Xamarin.Android   4.18.0.39 (0ef616ae42005ece52f6df7aa1e093ceb11998f8)
Visual Studio plugin to enable development for Xamarin.Android.
Comment 1 T.J. Purtell 2014-11-04 22:24:13 UTC
This test case shows the GREF count on screen while allocating 1000 objects between repeated garbage collection.  The count rapidly increases and then the app stalls out and jams.

There is a good chance this is related to Bug 23959.
Comment 2 Jonathan Pryor 2014-11-04 22:55:02 UTC
>         [DllImport("__Internal", EntryPoint = "_monodroid_gref_get")]
>         public static extern int GetGrefs();

Really? You could just use Runtime.GlobalReferenceCount:

http://androidapi.xamarin.com/?link=P%3aJava.Interop.Runtime.GlobalReferenceCount

The deal with Bug #23959 is that it's an emulator, so we assume that there's a 2000 GREF limit, so once we get to ~1800 GREFs we perform a GC. ART in API-21 apparently doesn't have this limit (I need to confirm), so Bug #23959 sees 6000+ GREFs, so it's *constantly* doing a GC.

What I don't know is why there are so many GREFs in the first place. I'd have to run the sample for Bug #23959.
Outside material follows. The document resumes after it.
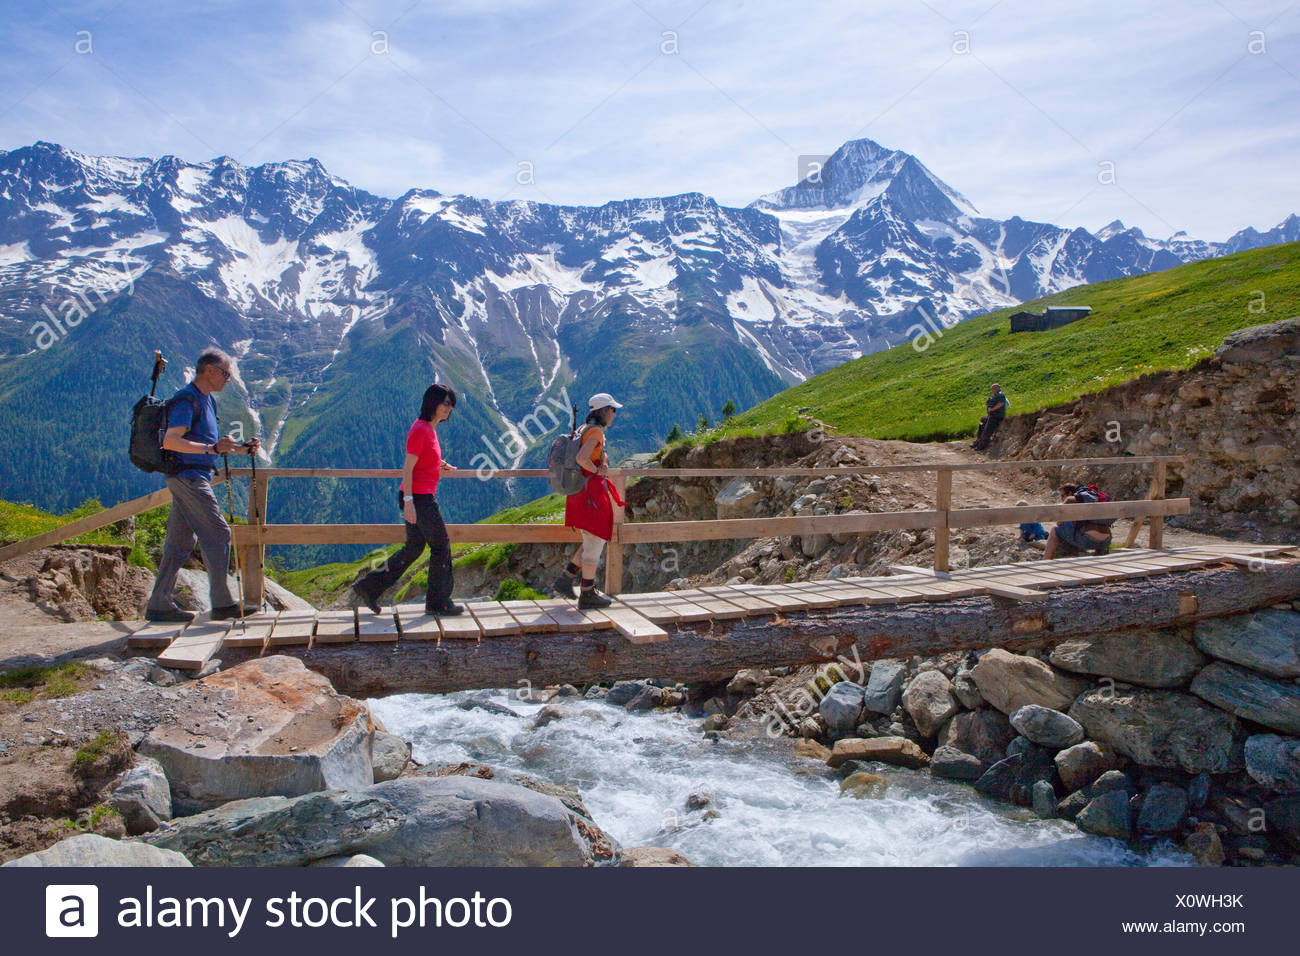 Walking, Hiking, Lötschentaler height way, height way, view, Bietschhorn, canton, Valais, mountain, mountains, group, footpath, - Stock Image

This bug, however, is on hardware, not the emulator, so assuming we properly detect it as hardware then the GREF limit will be ~41000, so unless you're exceeding that then the cause of the slowdown will be different. (Getting 41000 GREFs would ITSELF cause performance issues; don't do that.)

Unfortunately, I don't have API-21 hardware at this time.

Could you please enable GREF logging, run your test, and attach the logcat output?

    $ adb shell setprop debug.mono.log gref
    $ adb logcat > logcat.txt
    # run your app...
    [Ctrl+C]
    # attach logcat.txt
Comment 3 T.J. Purtell 2014-11-04 23:10:49 UTC
Oh that's a handy method, I didn't know about.  Thanks.
Comment 4 T.J. Purtell 2014-11-04 23:11:56 UTC
Created attachment 8625 [details]
adb logcat output with debug.mono.log gref,gc
Comment 5 T.J. Purtell 2014-11-04 23:13:25 UTC
FYI, the Dalvik in KitKat removed the GREF limit, while ART set a 64k limit.  I haven't seen what the sources of lollipop actually do for the GREF limit.
Comment 6 Jonathan Pryor 2014-11-05 12:56:58 UTC
You have successfully created logcat output which chokes logcat-parse.exe. Congratulations!

That said, the very end of the file is interesting:

> I/monodroid-gref( 2789): -g- grefc 48 gwrefc 5489 handle 0xb500496/G from thread 'finalizer'(2857)^M

At the time that message was printed, there were 48 GREFs (yay), and 5489 weak global references. (Doh!)

Please try one of the alternate GC bridge implementations. Do they improve performance for you?

http://blog.xamarin.com/xamarin.android-garbage-collection-improvements/
Comment 7 Jonathan Pryor 2014-11-05 12:57:32 UTC
@Mark: Here's a GC bridge perf example for you. ;-)
Comment 8 T.J. Purtell 2014-11-05 13:10:49 UTC
The problem isn't the performance per se, if I run the sample app for a minute the GREF count climbs to 40k+ because references are leaking.  As you mentioned, it does look like these are somehow weak references.  At that point, the app is basically completely hung.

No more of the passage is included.